The copy must match the data below line for line and contain no images.

> Given information:
────

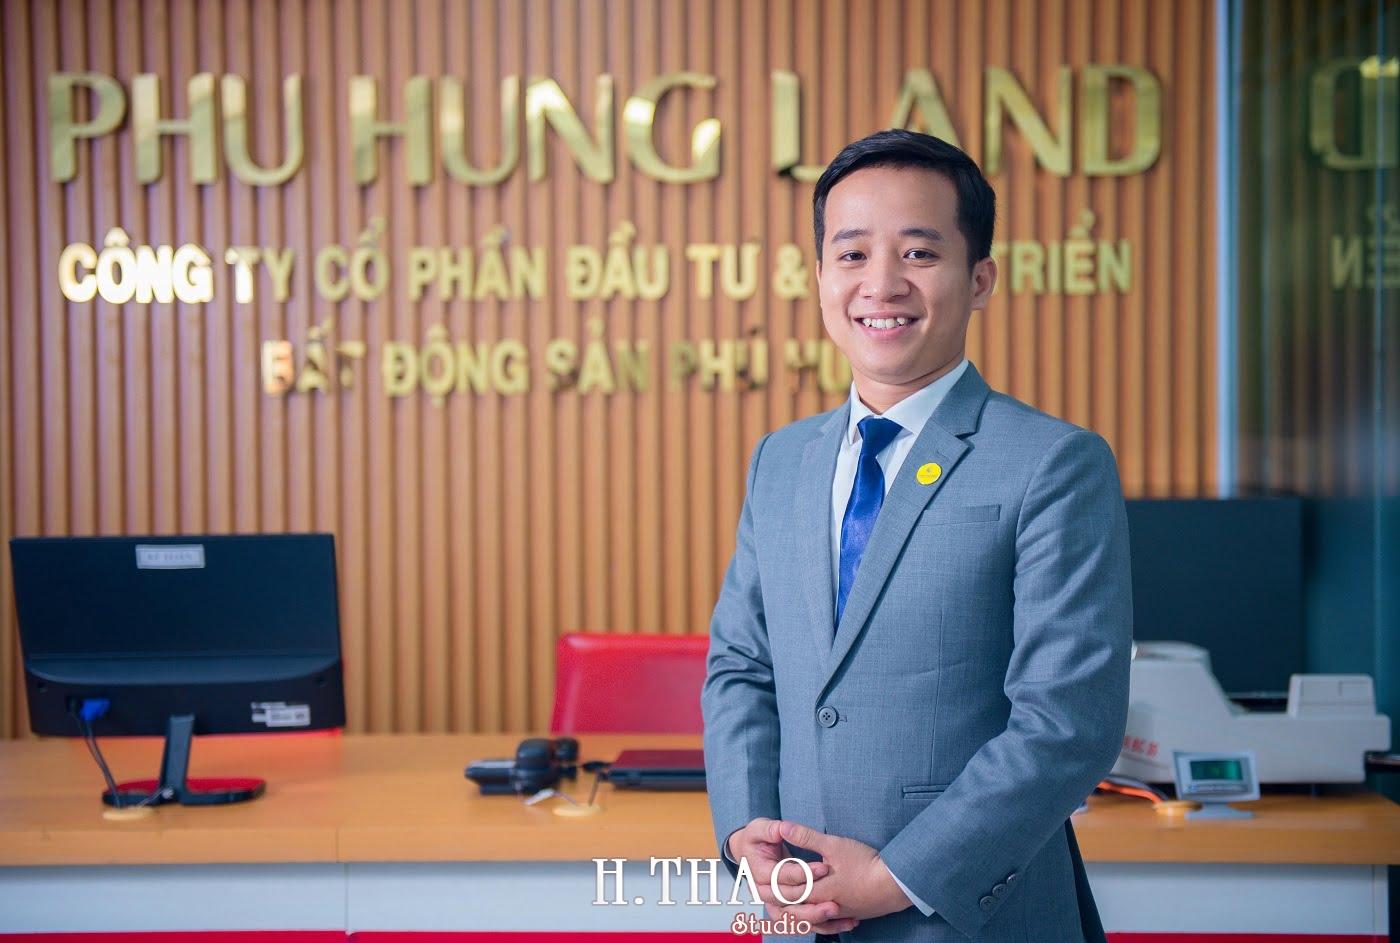 Phu Hung Land 3 - Album ảnh profile nhân sự công ty Phu Hung Land – HThao Studio
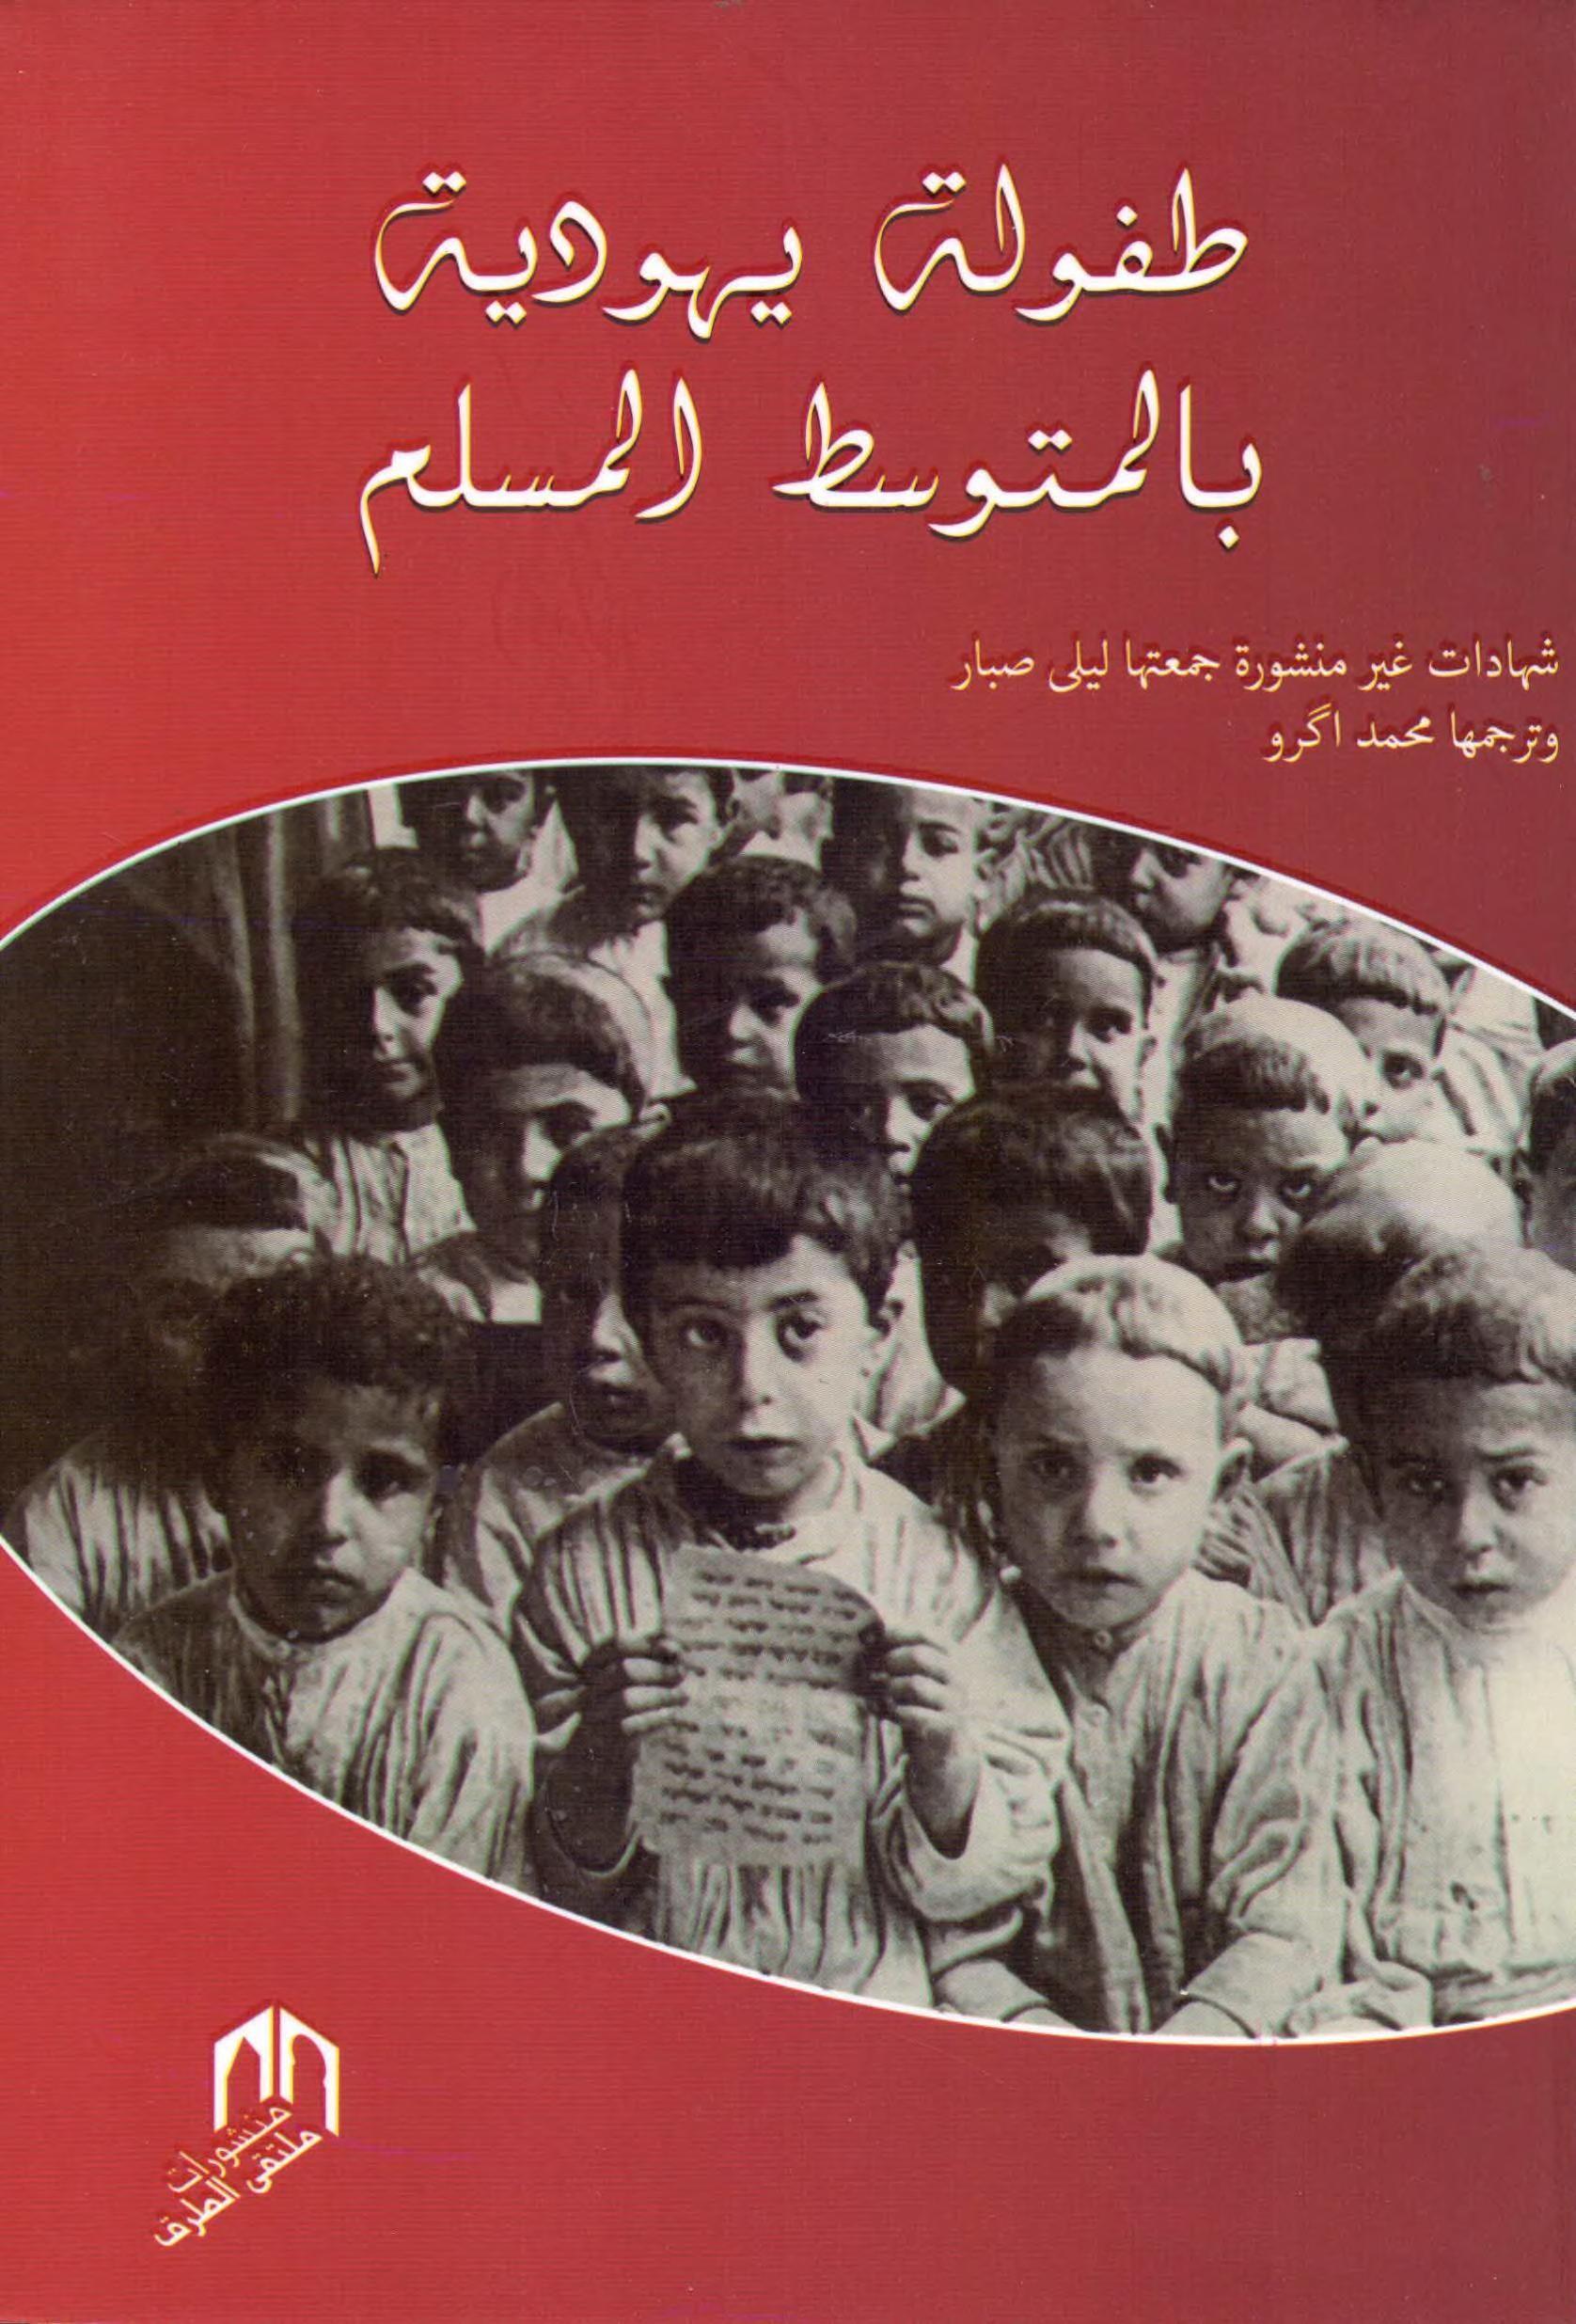 طفولة يهودية بالمتوسط المسلم ليلى صبار نورسين نوفل Free Download Borrow And Streaming Internet Archive My Books Books Pdf Books Download
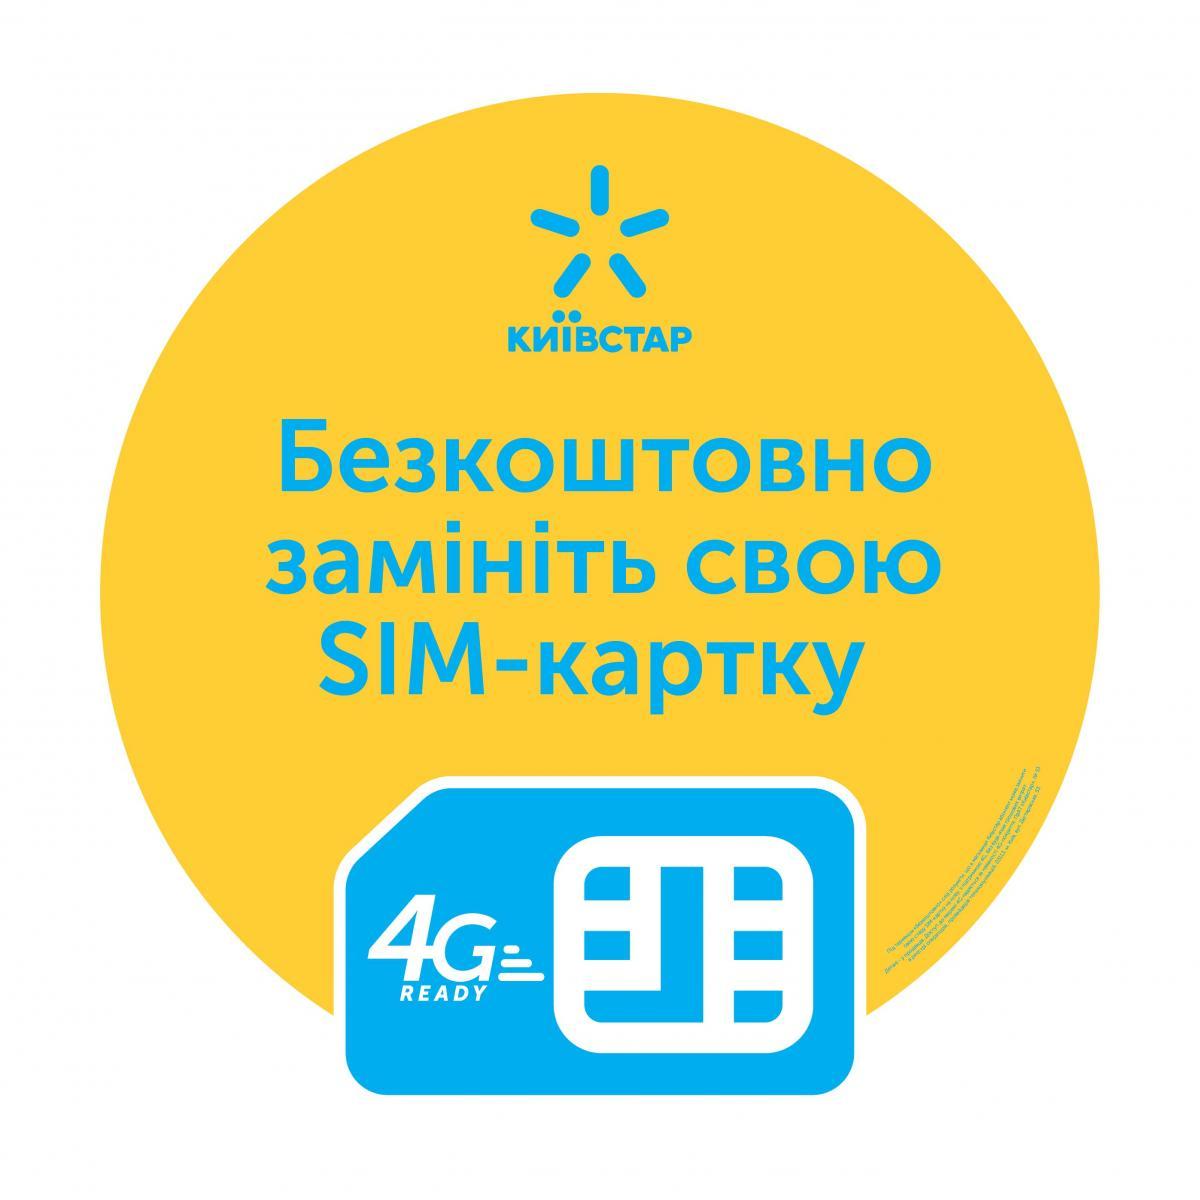 фото Київстар
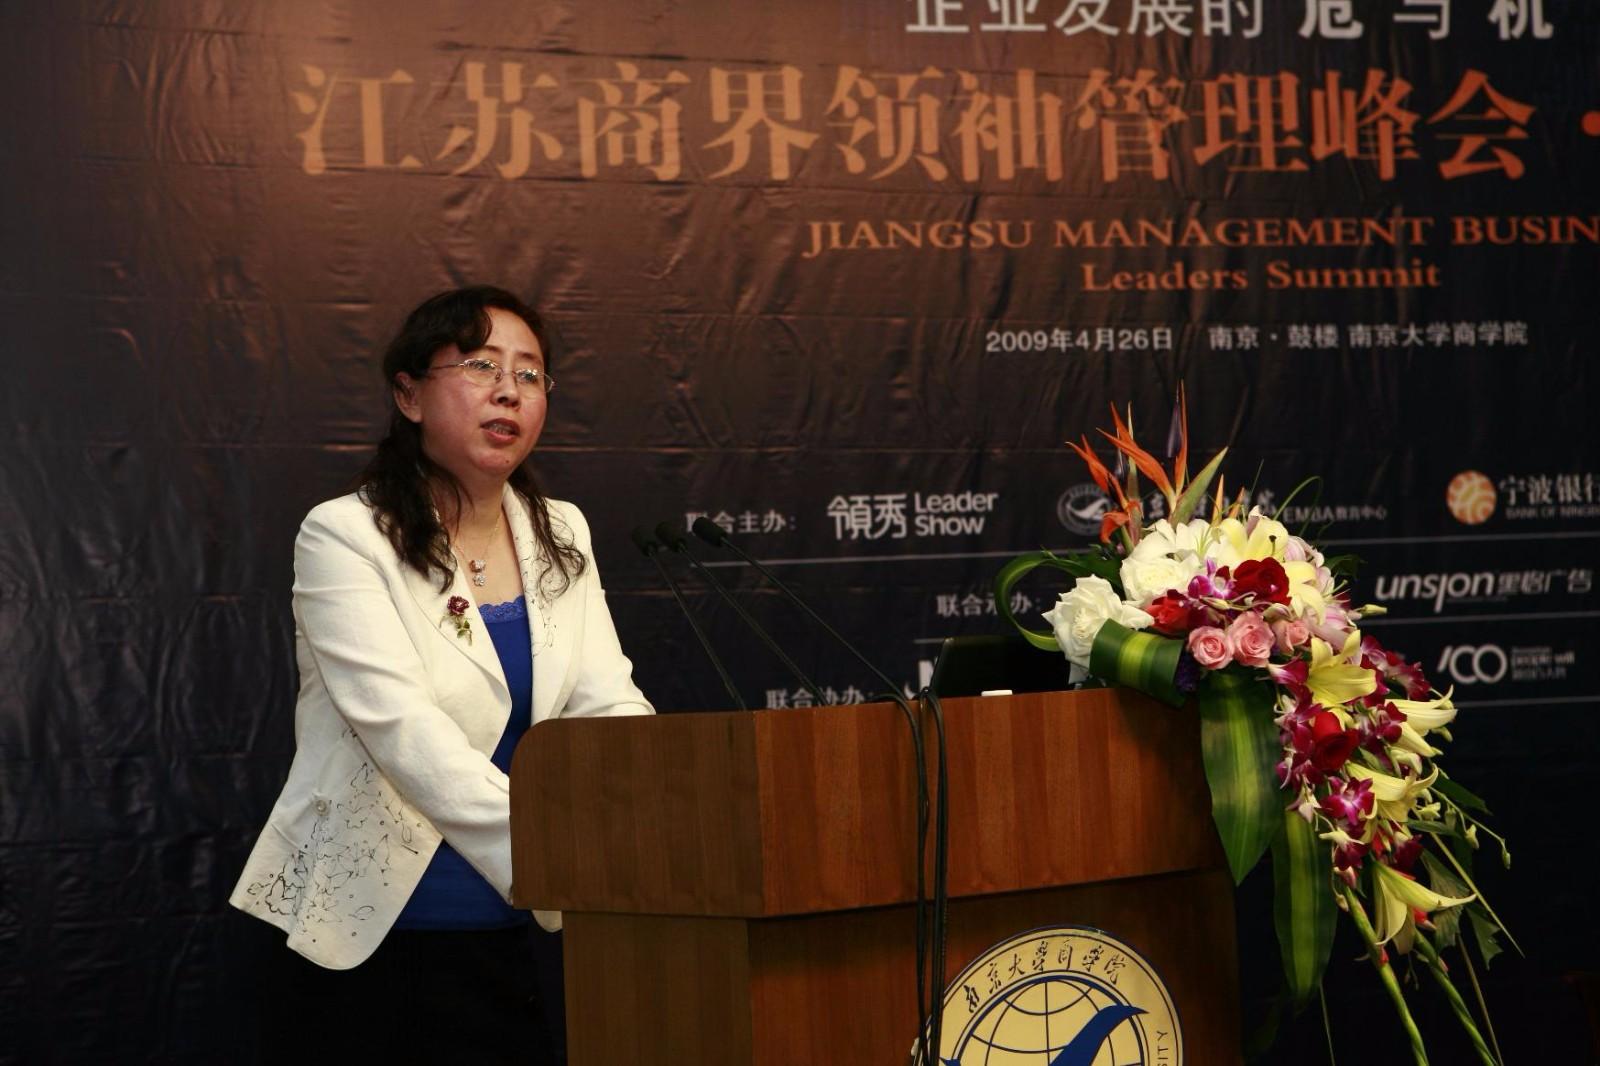 南京大学EMBA管理峰会论坛-刘洪教授在对话环节发言

────

> Answer section:
 Phu Hung Land 3 - Album ảnh profile nhân sự công ty Phu Hung Land – HThao Studio
 طفولة يهودية بالمتوسط المسلم ليلى صبار نورسين نوفل Free Download Borrow And Streaming Internet Archive My Books Books Pdf Books Download
 фото Київстар
 南京大学EMBA管理峰会论坛-刘洪教授在对话环节发言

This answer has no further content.